Solved – How to do time series ( longitudinal) clustering based entirely on Shape of the curves

clusteringk-meanspanel datatime series

I have a longitudinal (panel) dataset for investment growth for 120 countries covering the time from 1960-2008. Essentially it's viewed as 120 time series.

What I am interested in is to group countries based on their shape of their growth curves over time. Thus whether they share similar Shape of their curves are the only criteria I need for grouping those countries.

I have tried KmL package (K-means for Longitudinal Data), but it seems that (please correct me if I am wrong) this methodology produces the result that group countries exhibiting similar (investment growth) mean value (or magnitude), not exactly according to the similar shape. For example, KmL tends to group countries with high investment growth, median average investment growth, low investment growth, etc.
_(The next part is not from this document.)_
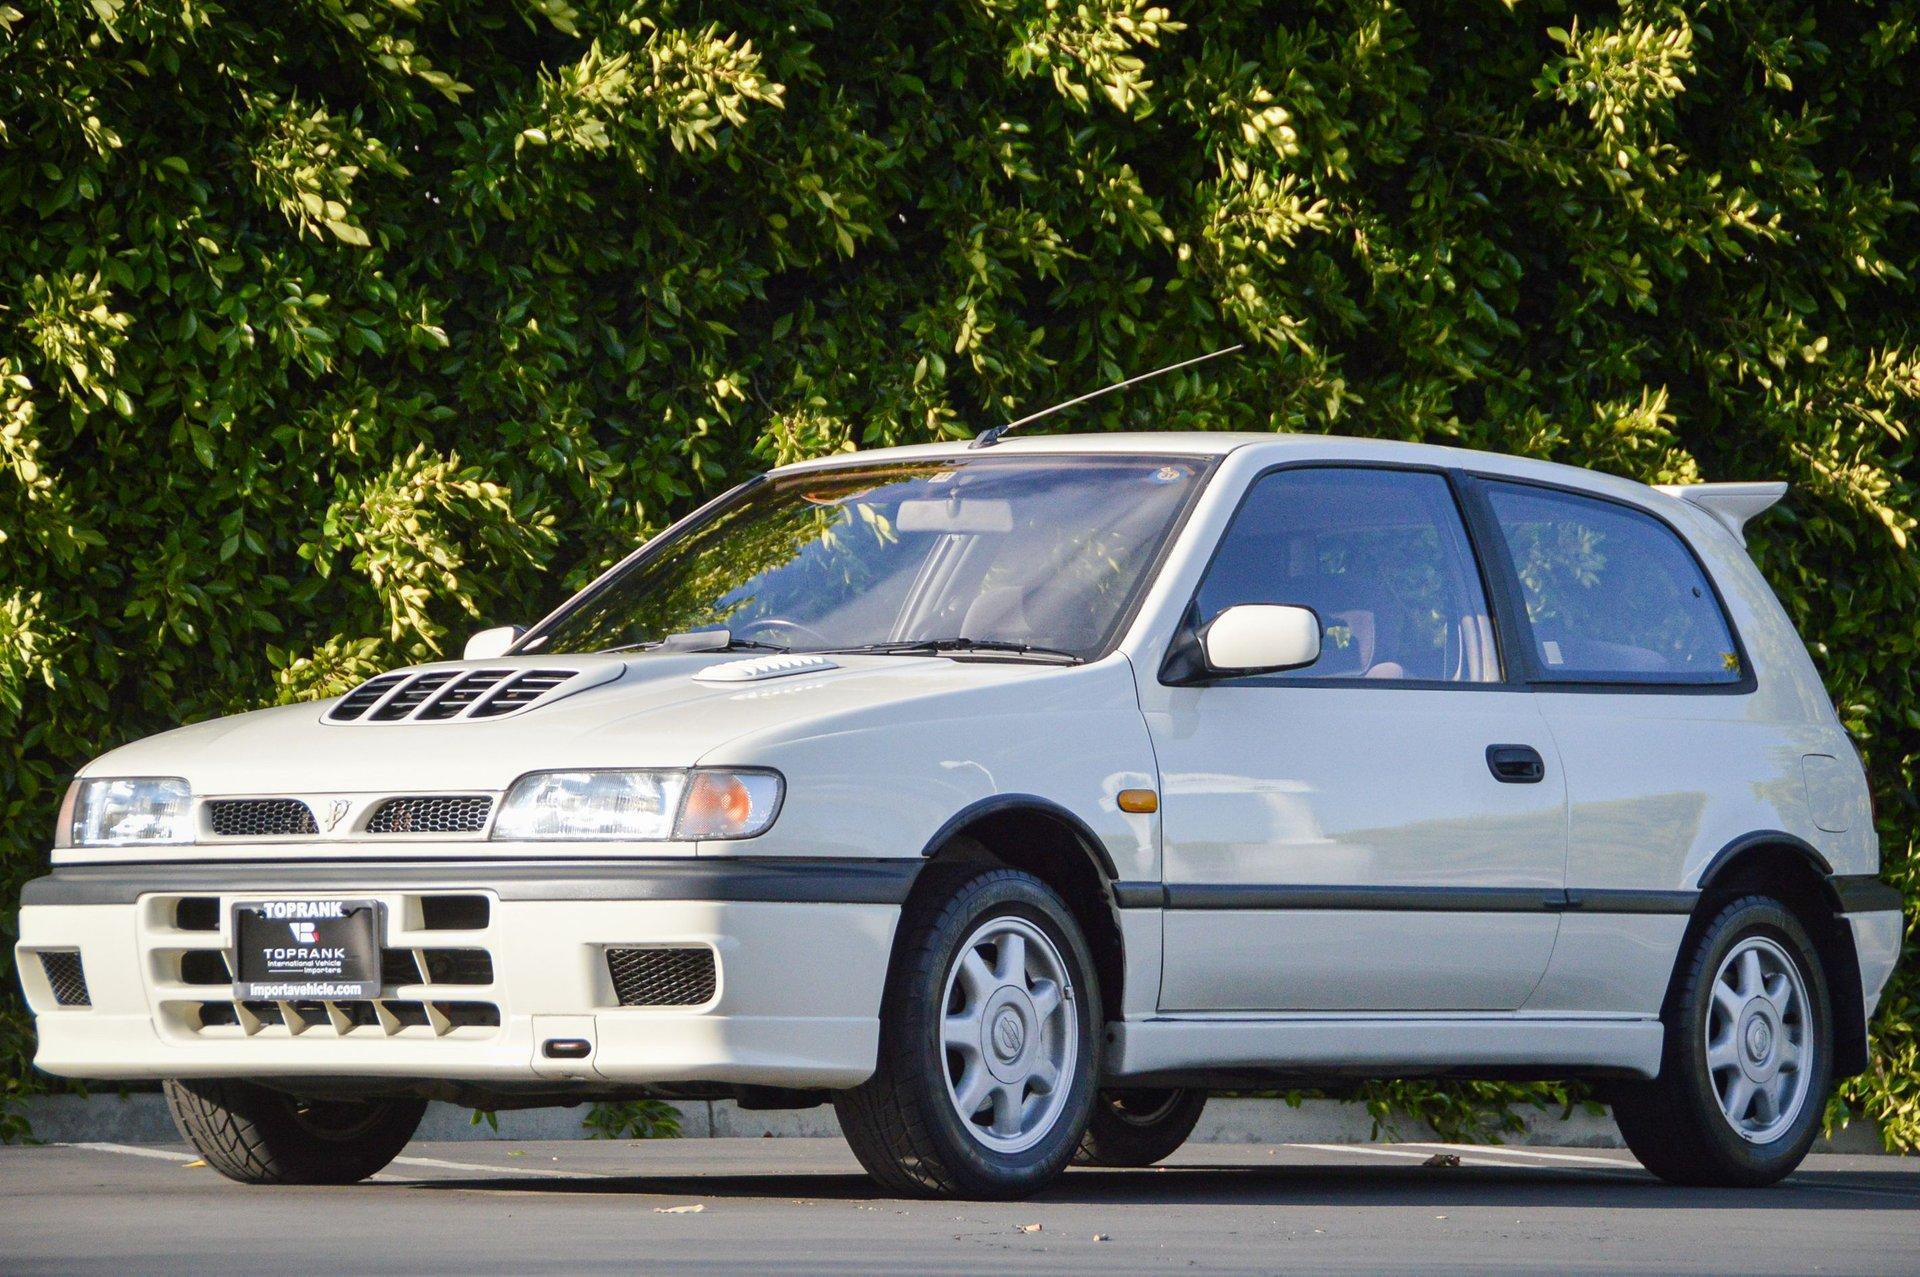 1991 Nissan Pulsar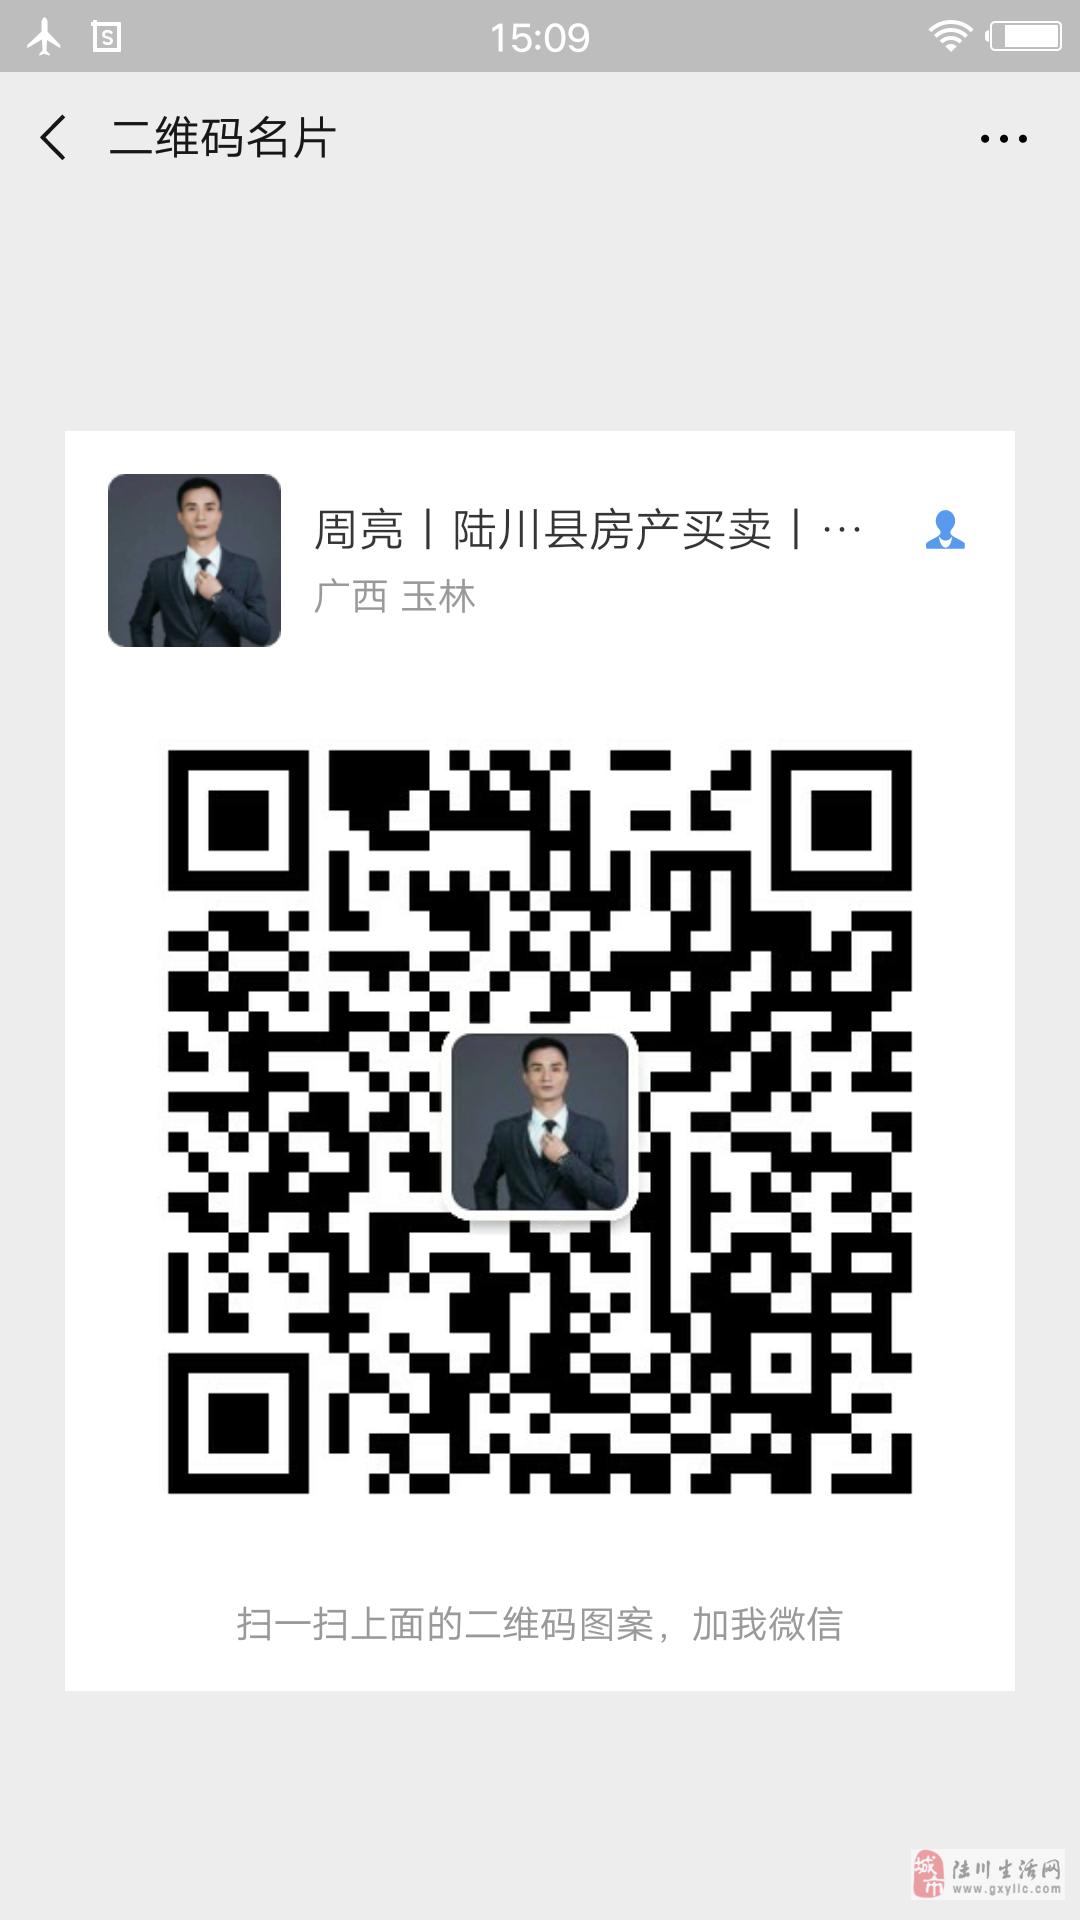 2020qq红包免费领取碧桂城5室2厅2卫65万元抄底价出售

The countries within those groups may have very different shape of curves over time.

What I am looking for is regardless of the absolute value of investment growth. As long as the two countries exhibit similar pattern of their growth over time curve, they should be grouped together in one group.

Could anyone tell me a way to implement this clustering? I have noticed from previous posts that cointegration test may work. Any suggestions will be greatly appreciated!

Best Answer

If you z-standardize each of your series, $(X_i-\bar{X})/\sigma$, that is, unify level of the series firstly and swing of the series secondly, then the only difference that remains is the difference in shape. Compute euclidean distances (or similar measure) between 120 series and perform hierarchical clustering. You might also want (maybe) to do mild smoothig of the curves prior all.